激发远程开发环境 [英] spark remote develop environment

查看:80
本文介绍了激发远程开发环境的处理方法,对大家解决问题具有一定的参考价值,需要的朋友们下面随着小编来一起学习吧!

问题描述

我想远程激发开发环境.

i want to remote spark develop environment.

机器是我的开发机器,java,eclipse,Windows 10.

A machine is my develop machine, java, eclipse, windows 10.

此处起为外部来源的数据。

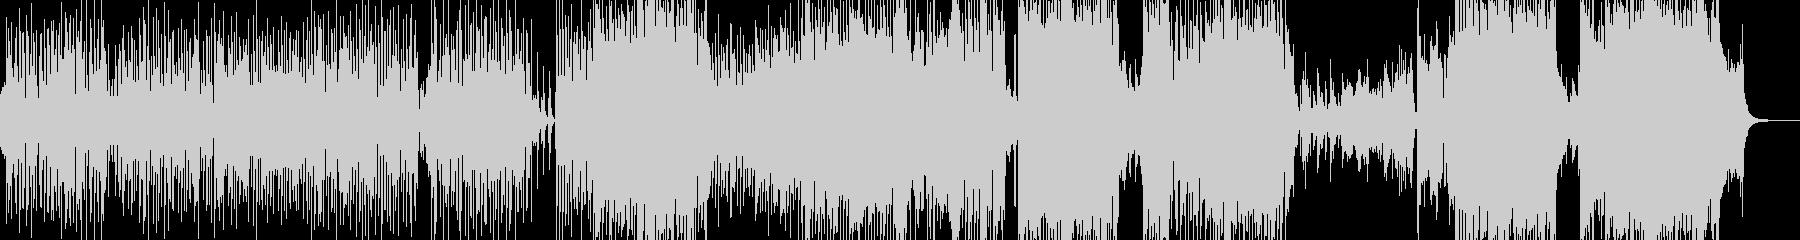 ウクレレ・南国のアコギテクノポップの未再生の波形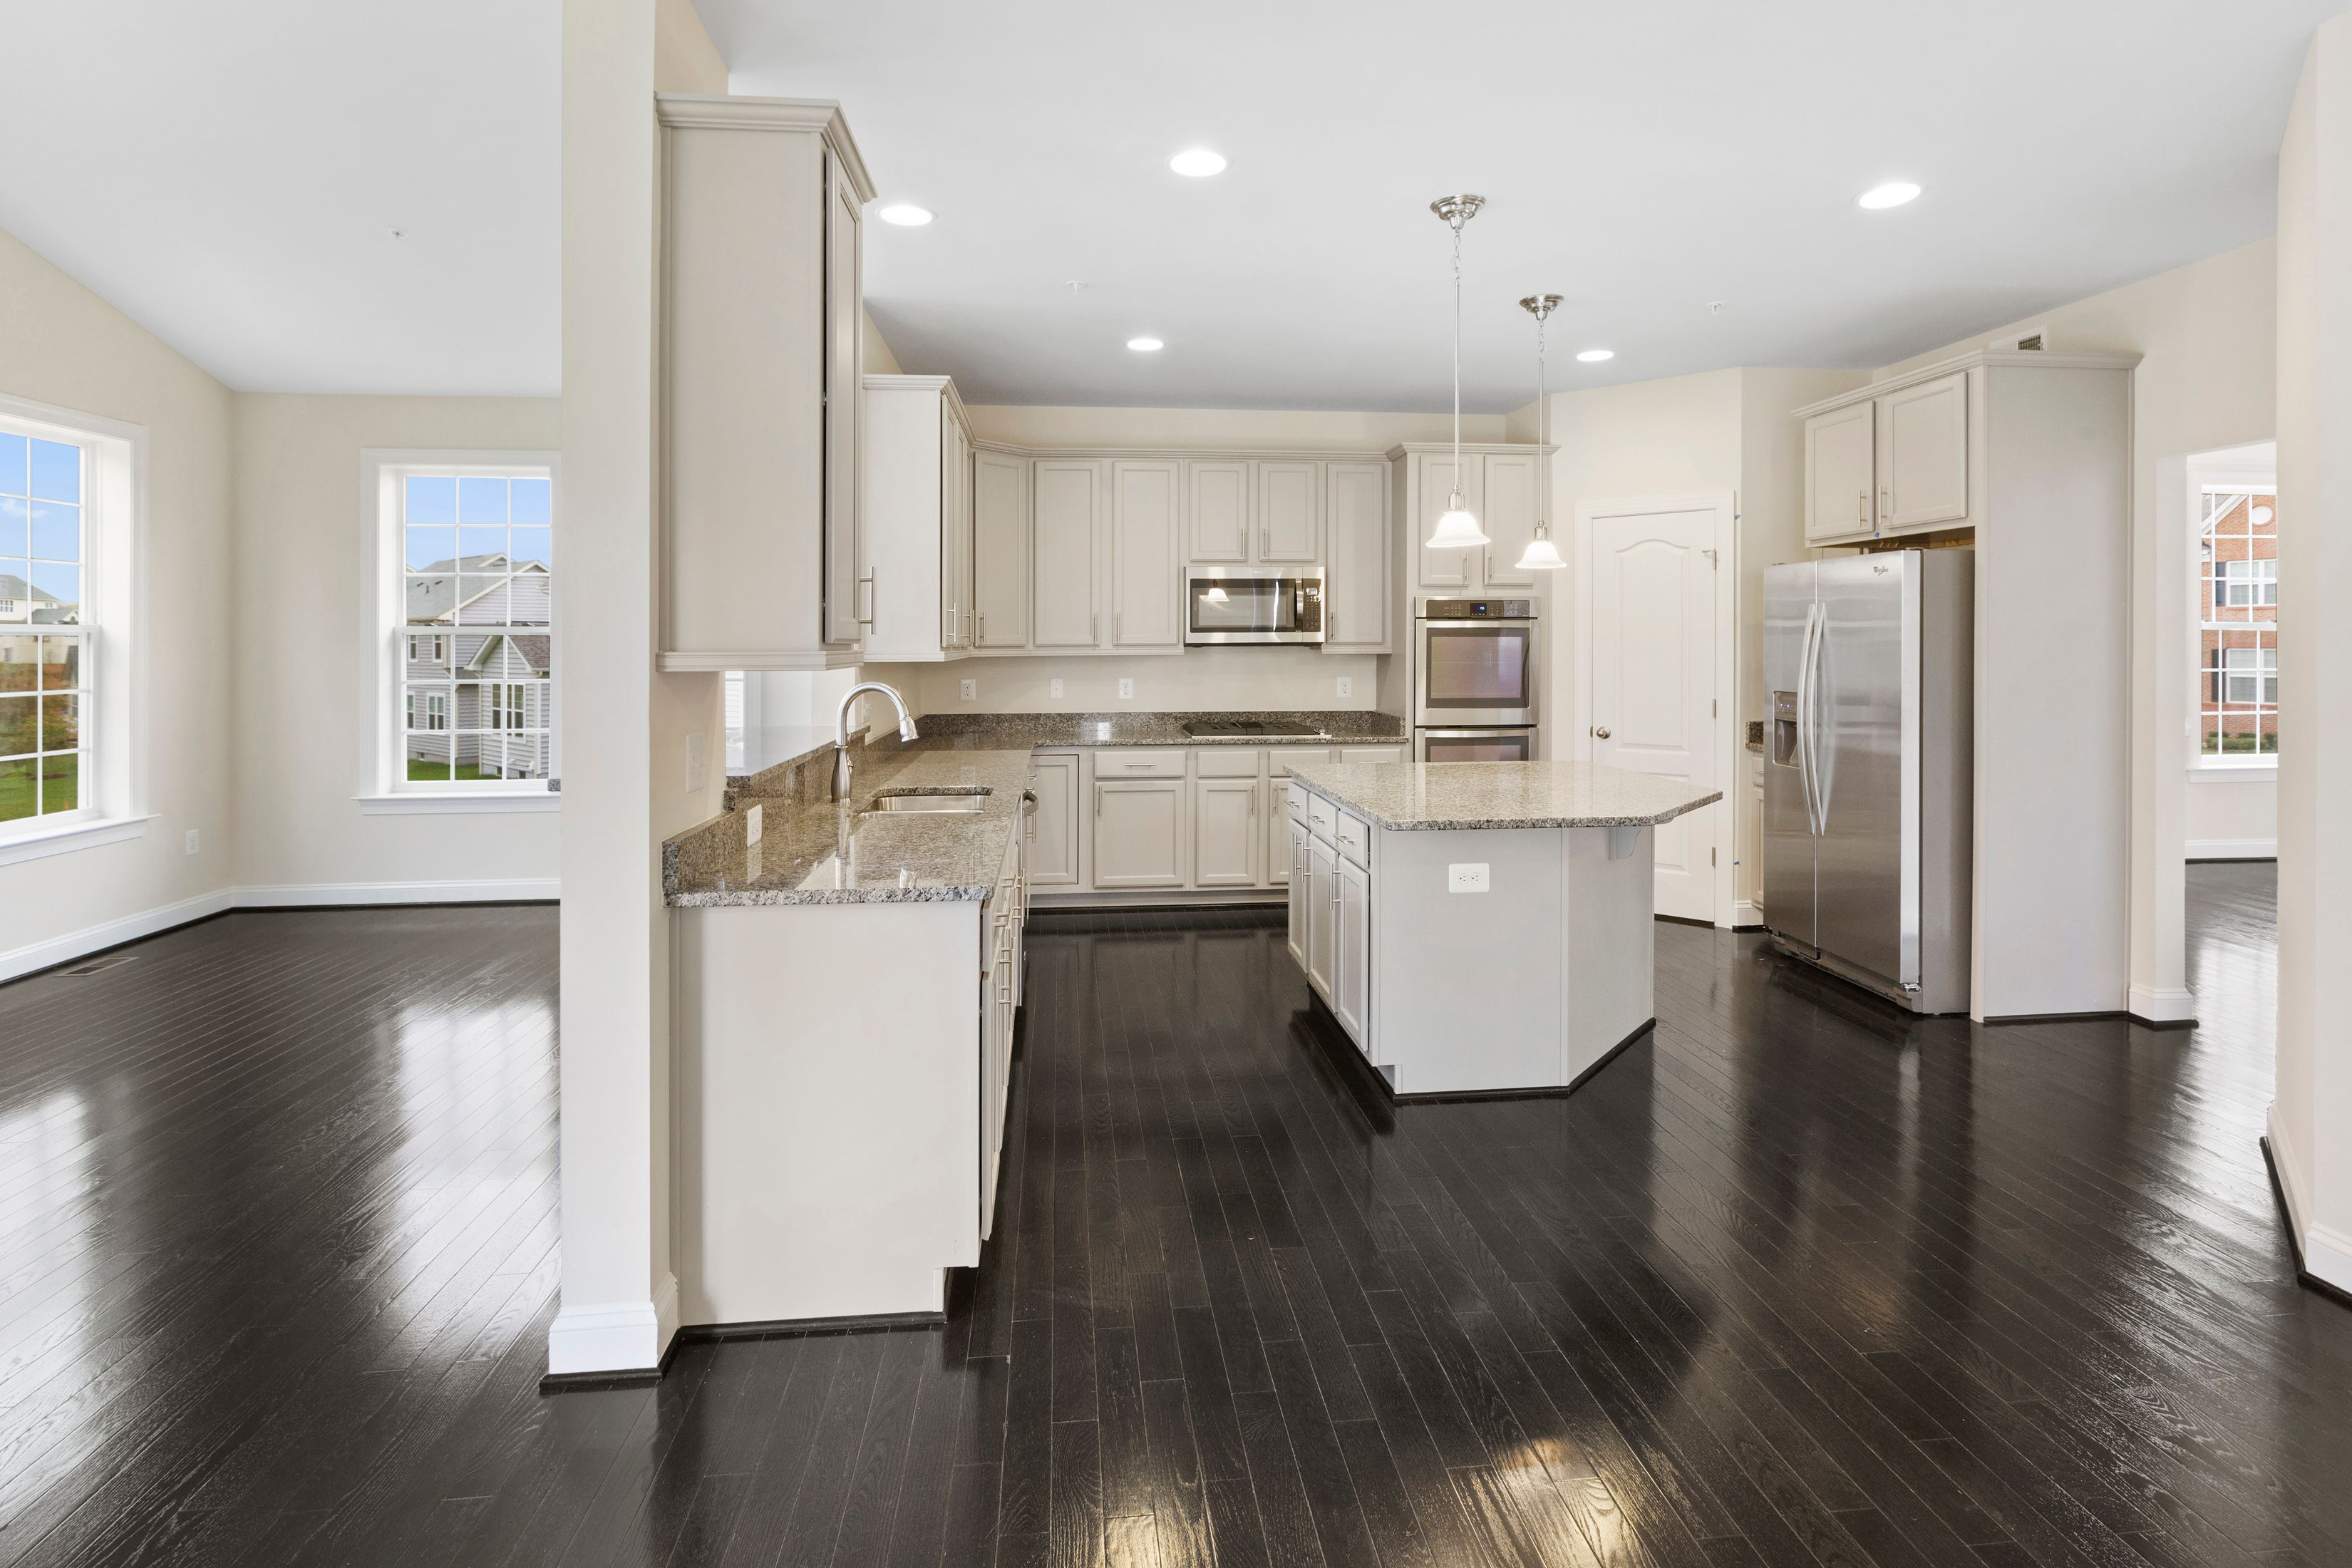 Kitchen featured in the Belmont II By Dan Ryan Builders in Hagerstown, MD

我也有另一台机器已经安装了cloduera(纱线上的火花).

also i have another machine already installed cloduera(spark on yarn).

我尝试过

    String appName = "test" + new Date(System.currentTimeMillis());
    String master = "spark://*:6066";
    String host = "*";
    String jar = "C:\\Users\\default.DESKTOP-0BP338U\\Desktop\\workspace\\workspace_study\\spark-start-on-yarn\\target\\spark-start-on-yarn-0.0.1-SNAPSHOT.jar";

    SparkConf conf = new SparkConf().setAppName(appName).setMaster(master)
            .set("spark.driver.host",  host)
            .setJars(new String[]{jar});
    JavaSparkContext sc = new JavaSparkContext(conf);

但是连接被拒绝.

我如何在A机上开发和测试spark程序?

how can i develop and test the spark program on my A machine?

我添加了环境变量

这是我的代码

    SparkConf conf = new SparkConf()
            .setAppName(new Date(System.currentTimeMillis()).toString())
            .setMaster("yarn");
    JavaSparkContext sc = new JavaSparkContext(conf);


    List<Integer> data = Arrays.asList(1,2,3,4,1,2,3,4,5,1,4,1,1,1,4,2,2,4,1,1,3,4,2,3);
    JavaRDD<Integer> distData = sc.parallelize(data);

    JavaPairRDD<Integer, Integer> pairs = distData.mapToPair(s -> new Tuple2<Integer, Integer>(s, 1));
    JavaPairRDD<Integer, Integer> counts = pairs.reduceByKey((a, b) -> a + b);

    System.out.println("================= " + counts);

    sc.close();
    sc.stop();

,错误是"SparkException:云无法解析主URL:'yarn'"

and error is "SparkException : Cloud not parse Master URL: 'yarn'"

我错过了什么?请帮助我...

what things i missed? please help me...

推荐答案

您需要

  1. 下载Hadoop集群的 HADOOP_CONF_DIR 配置文件.

您的计算机中设置 HADOOP_CONF_DIR 环境变量.或者,如果这不起作用,则可以将XML文件放在 src/main/resources 文件夹中,以将它们包括在类路径中.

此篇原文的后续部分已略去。